24 June 2020
In a recent opinion piece published on the PRCA website, Suresh Raj, Chief Business Development Officer at New York-based agency Blue Impact, responded to the public commitments to diversity being expressed by PR agencies over recent weeks with a simple question: “What the f*** have you been doing all this time?”
It is a fair question to ask, and it is exactly the type of question we need to be asking more often. As PR agencies and internal comms teams work with brands and companies across the world formulate their responses to the George Floyd murder and the call for greater racial equality, it is only right to for PR itself to step up and be accountable.

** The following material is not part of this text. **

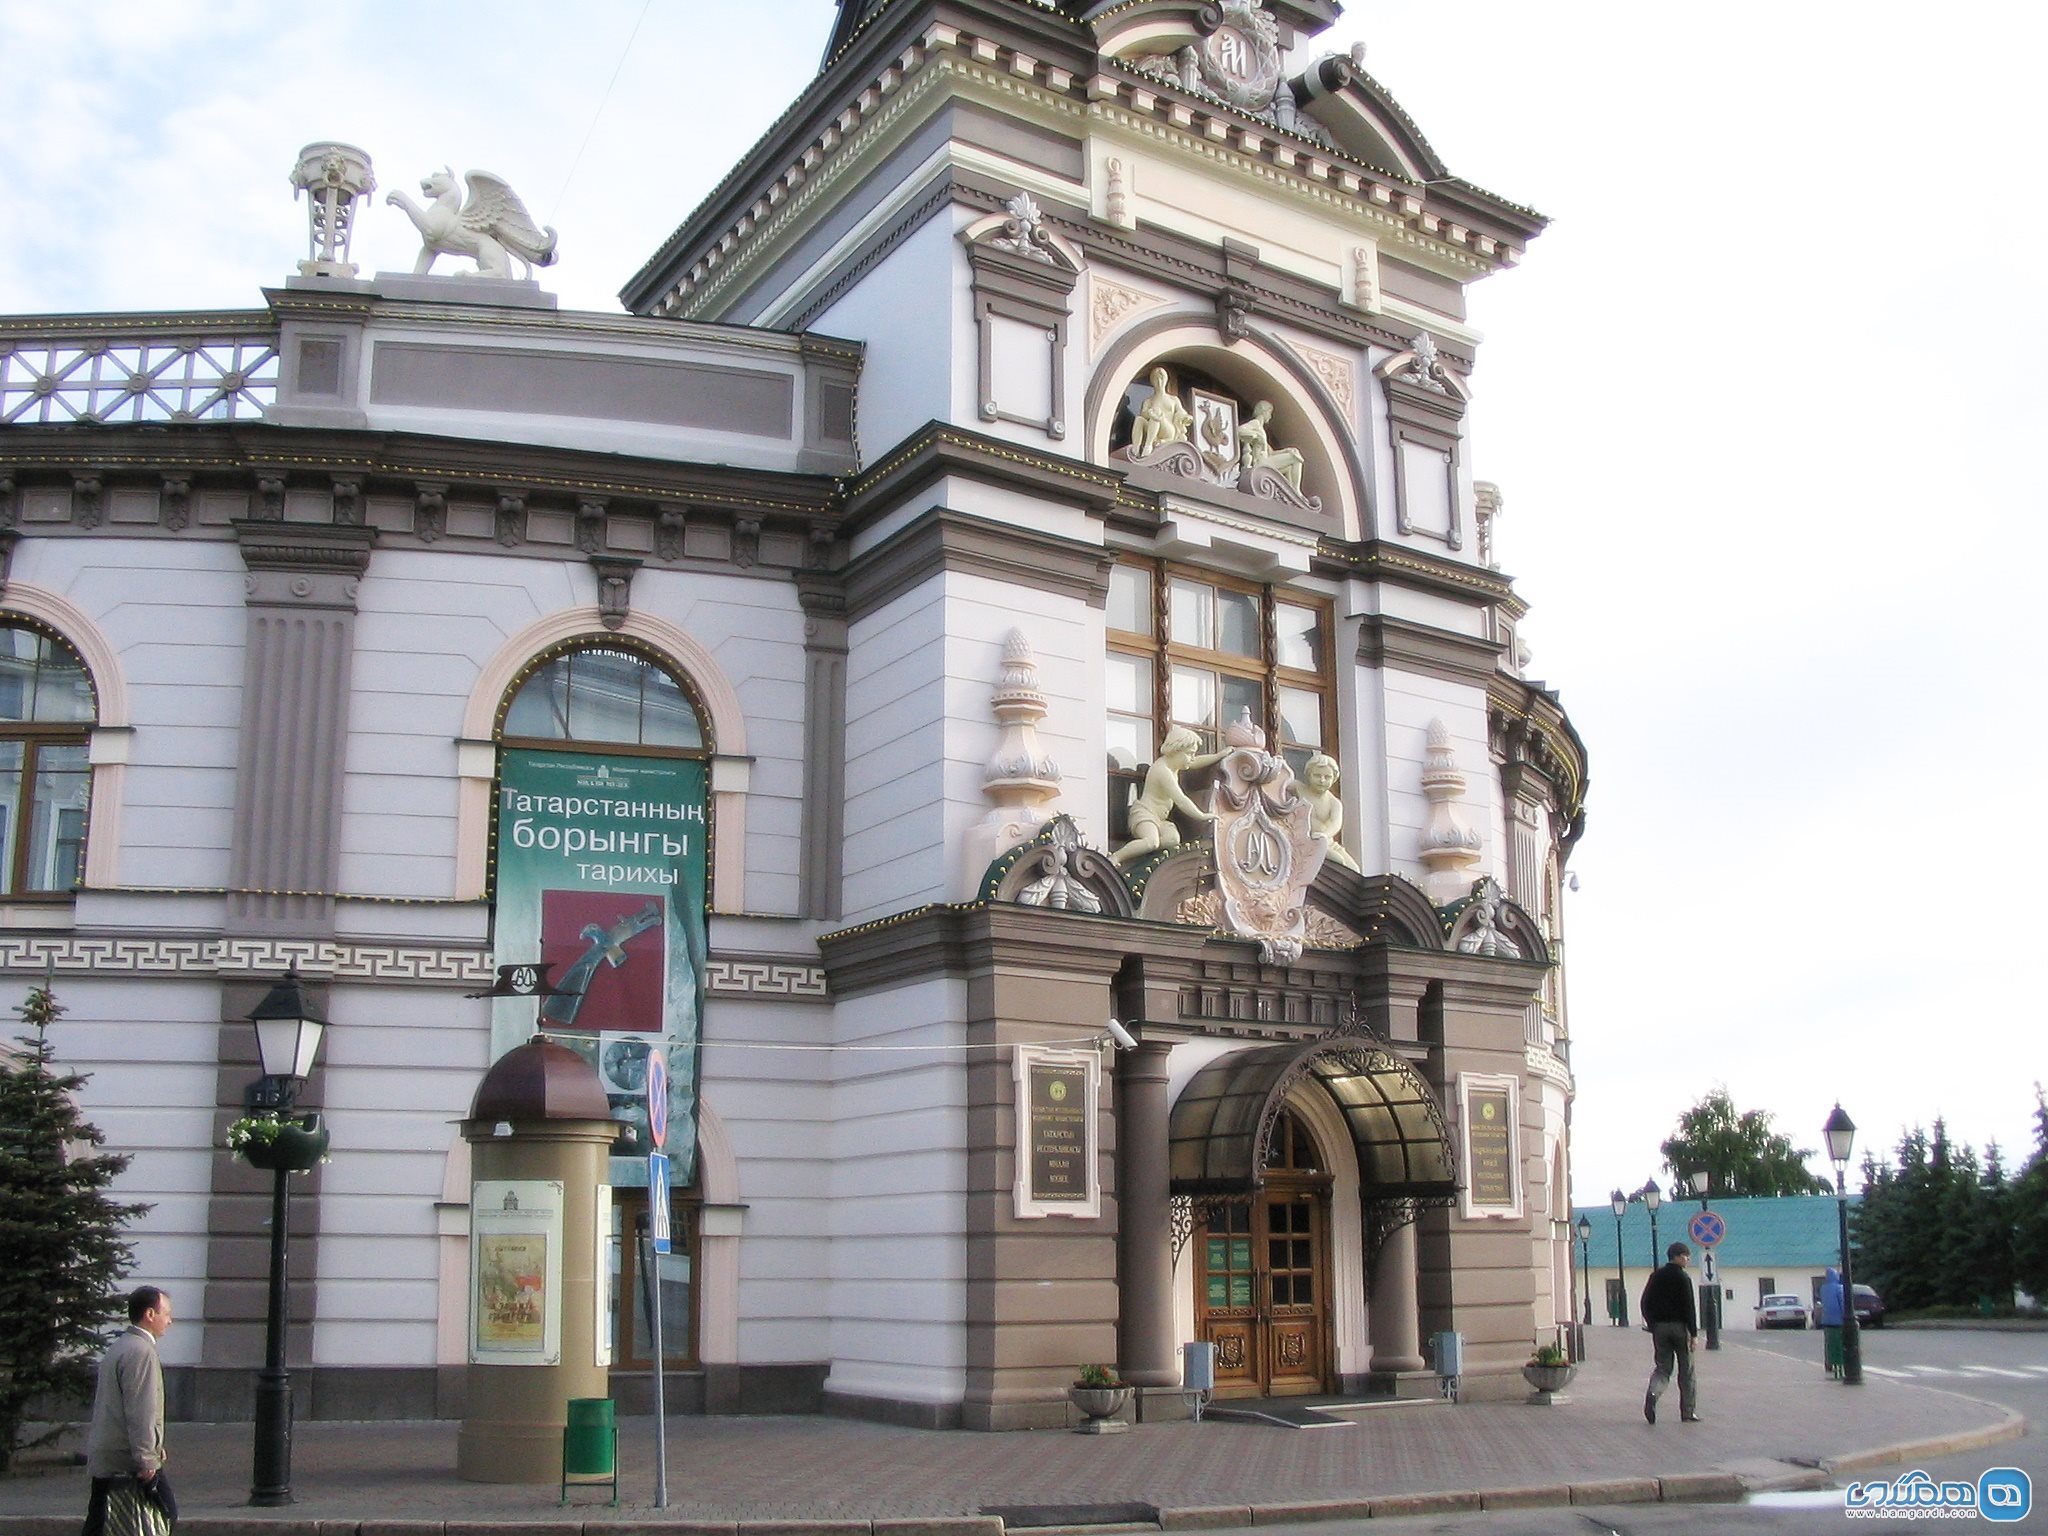 موزه ملی جمهوری تاتارستان National Museum of the Republic of Tatarstan

Messages of support – no matter how genuine and heartfelt – are clearly not going to be enough. The PR industry needs to ensure it is responding with specific and measurable actions. Lip service and outright indifference cannot be what defines this industry.
Which is why it is encouraging to see an industry publication show one way forward. This week PRovoke Media cemented its global leadership role within the PR industry with the publication of its diversity and inclusion targets and commitments for 2020 and beyond. The organisation has committed itself to minimum diversity targets across its entire portfolio of awards, events and editorial, and will make public its diversity and inclusion data on an annual basis.
As a company with significant influence in PR circles, PRovoke’s commitment to diversity and inclusion is not only a statement of intent; it is also a challenge to the rest of the PR industry. For agencies that are unsure how they can match words with action, PRovoke offers one potential channel. At the same time, it shows how minimum targets around diversity – particularly among senior leadership – can and should be introduced with immediate effect.
What is most notable about the targets set by PRovoke is just how reasonable they appear. And yet at the same time how incredibly necessary they are. In his opinion piece, Raj notes that in the PR Week PowerBook (UK) 2020, out of 423 people listed, 95.5% were white. The list includes no black males. That’s worth repeating – not a single black male listed among the 423 most important PR people in the UK.
Again, what the f*** have we been doing all this time?
The PR industry owes a big thank you to PRovoke for its leadership at this time. The targets it has set are certainly ambitious, but with a matching commitment from agencies and in-house communication teams they are perfectly achievable. If you have yet to read the article, do so now. And then share with your teams and discuss what you can do to be part of the broader change that we need to see.